The Monetary Authority of Singapore (MAS) plans to trial tokenized banknotes settled with the central bank’s wholesale digital currency (CBDC) as the next phase of integrating blockchain-based finance into its economy.
Singapore’s central bank is also preparing a bill for a stablecoin regulatory regime, MAS managing director Chia Der Jiun said at the Singapore Fintech Festival on Thursday.
“If tokenized transactions are to scale globally, then these settlement assets must be no less robust and secure,” Der Jiun said. “At the current stage, market participants are experimenting with different settlement assets for different use cases.”
Tokenization refers to the representation of real-world assets (RWA), such as bonds or stocks, as digital tokens that can be bought and sold on blockchains.
Der Jiun described how tokenized bank liabilities benefit from current regulatory requirements that “support the stability of value and uniqueness of money,” which the central bank plans to test through wholesale CBDC-backed tokenized government debt.
A wholesale CBDC is a digital form of fiat currency used by financial institutions to settle high-value transactions. It differs from a retail CBDC, which the public would use as a digital form of cash.
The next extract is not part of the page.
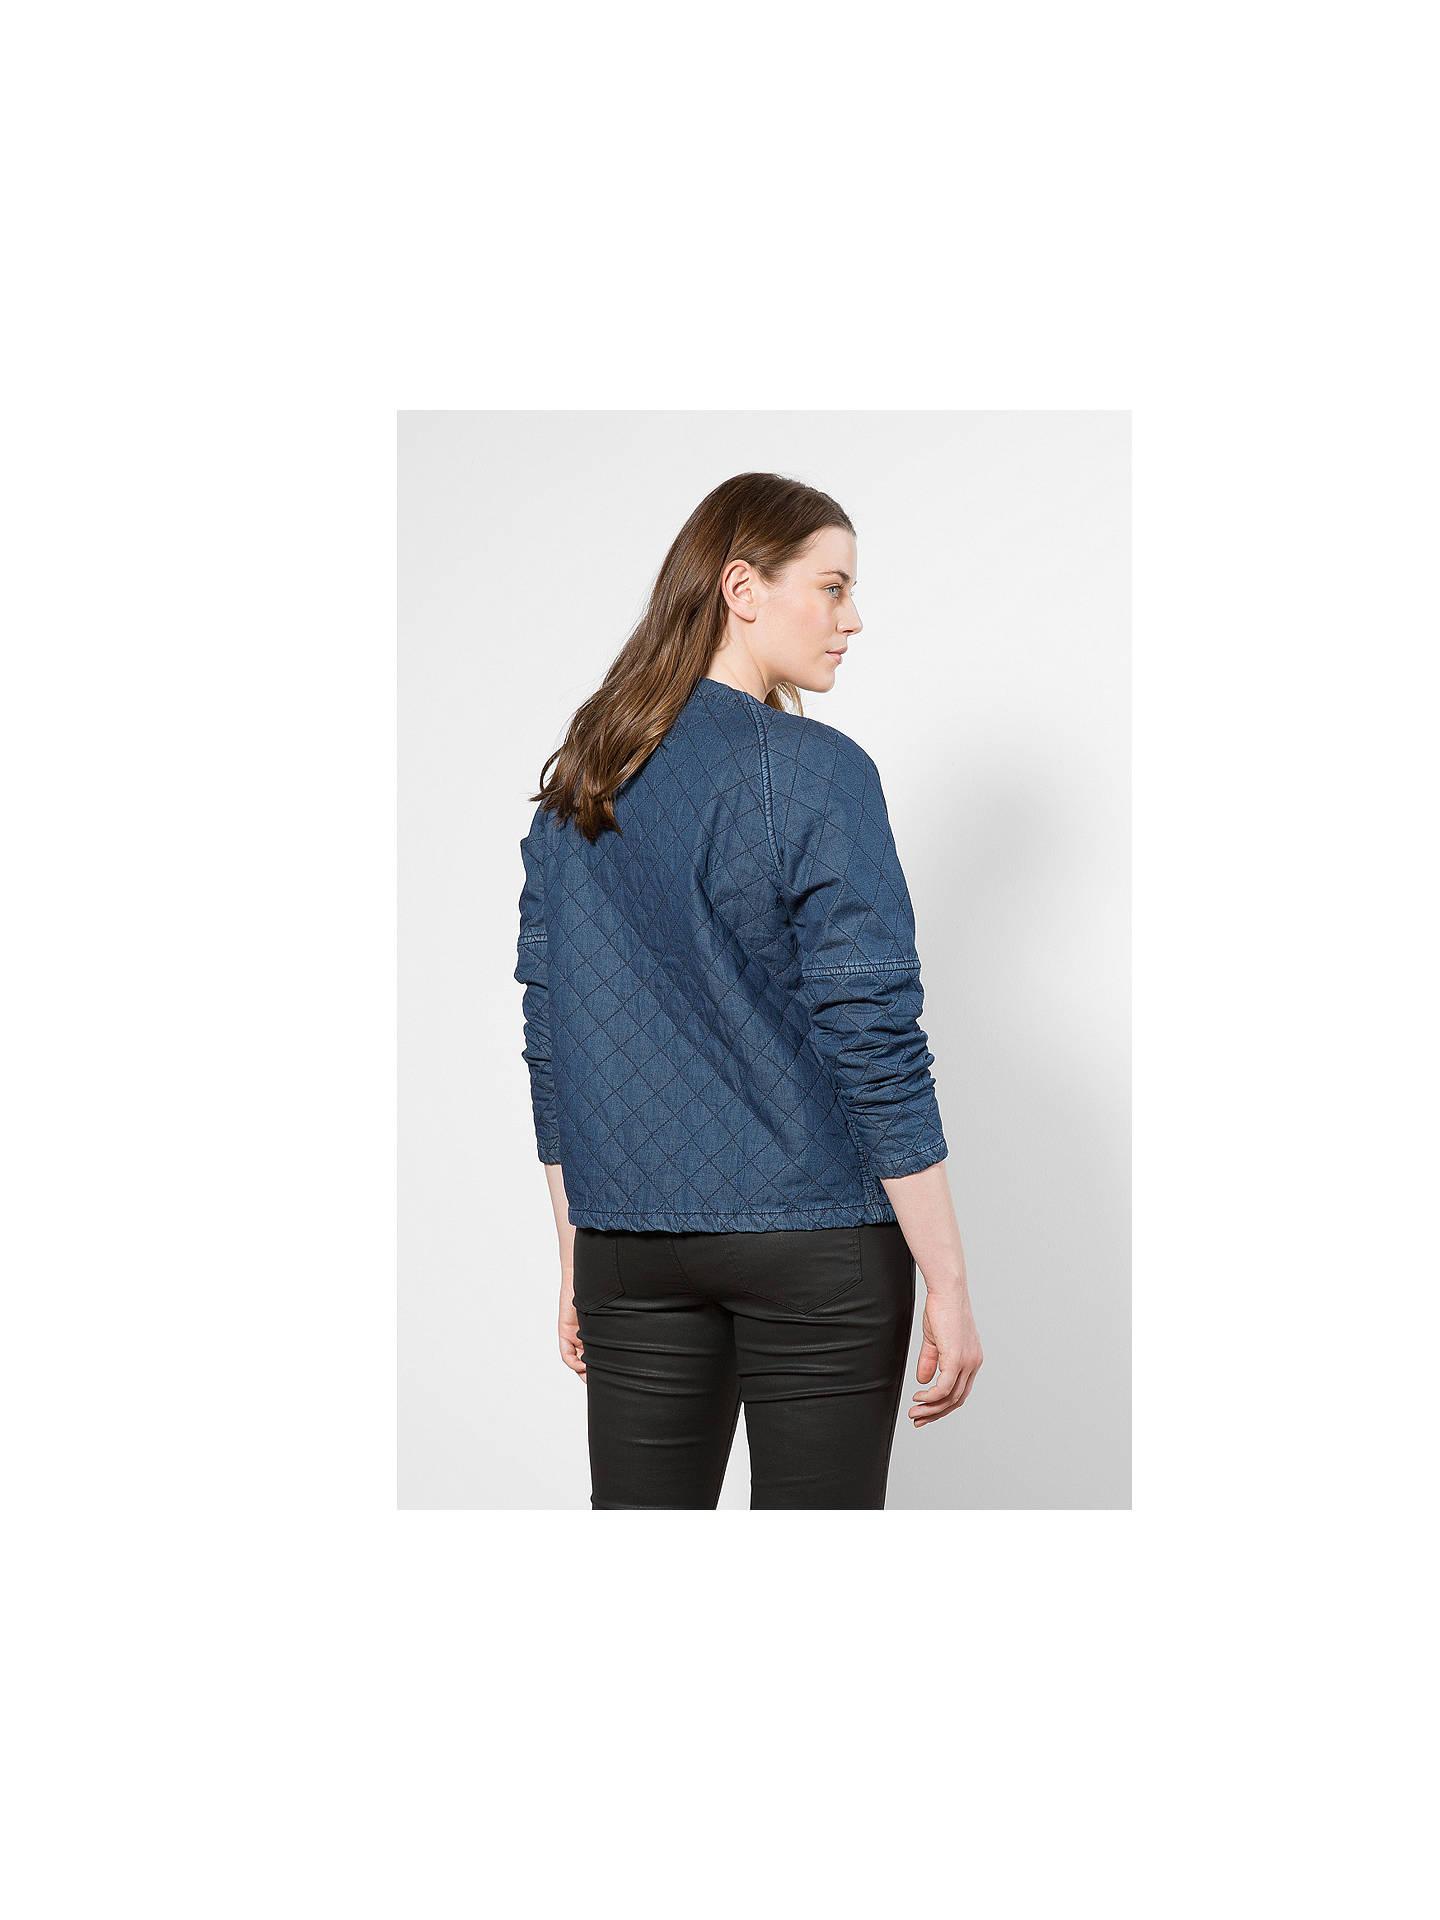 200204cee05 ... Buy Violeta by Mango Quilted Denim Jacket
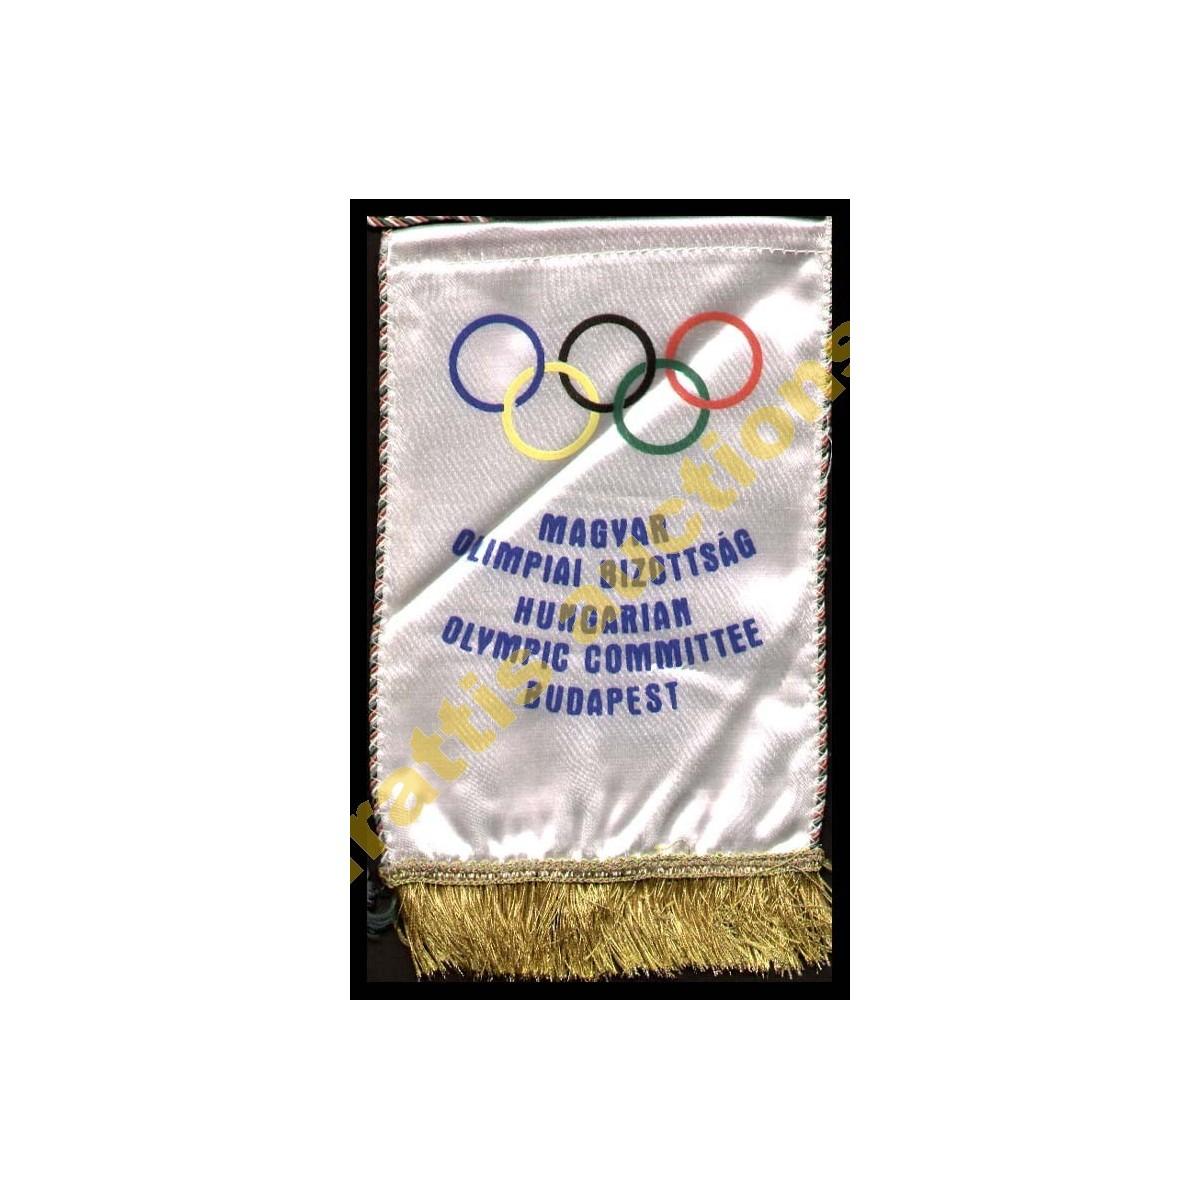 HUNGARIAN - National Olympic Committee (NOC) Baner Ολυμπιακή Επιτροπή Ουγγαρίας. Μικρό πανό Ολυμπιακή Επιτροπή της Βουδαπέστης.

The MAS sees a wholesale CBDC as an anchor for a system where privately settled assets are used for different market needs.
“If some regulated stablecoins become systemic, regulatory frameworks will need to be further strengthened,” Der Jiun added.
To this end, he said, the draft MAS stablecoin regulatory regime will prioritize strong reserve support and exchange reliability.
Among central banks, MAS has been at the forefront of developing a regulated regime for tokenization and digital assets as a means of settlement. Project Guardian, which dates back to 2022, is a MAS-led effort to test tokenization use cases in areas such as foreign exchange and fixed income to achieve near-instant settlement with fewer intermediaries.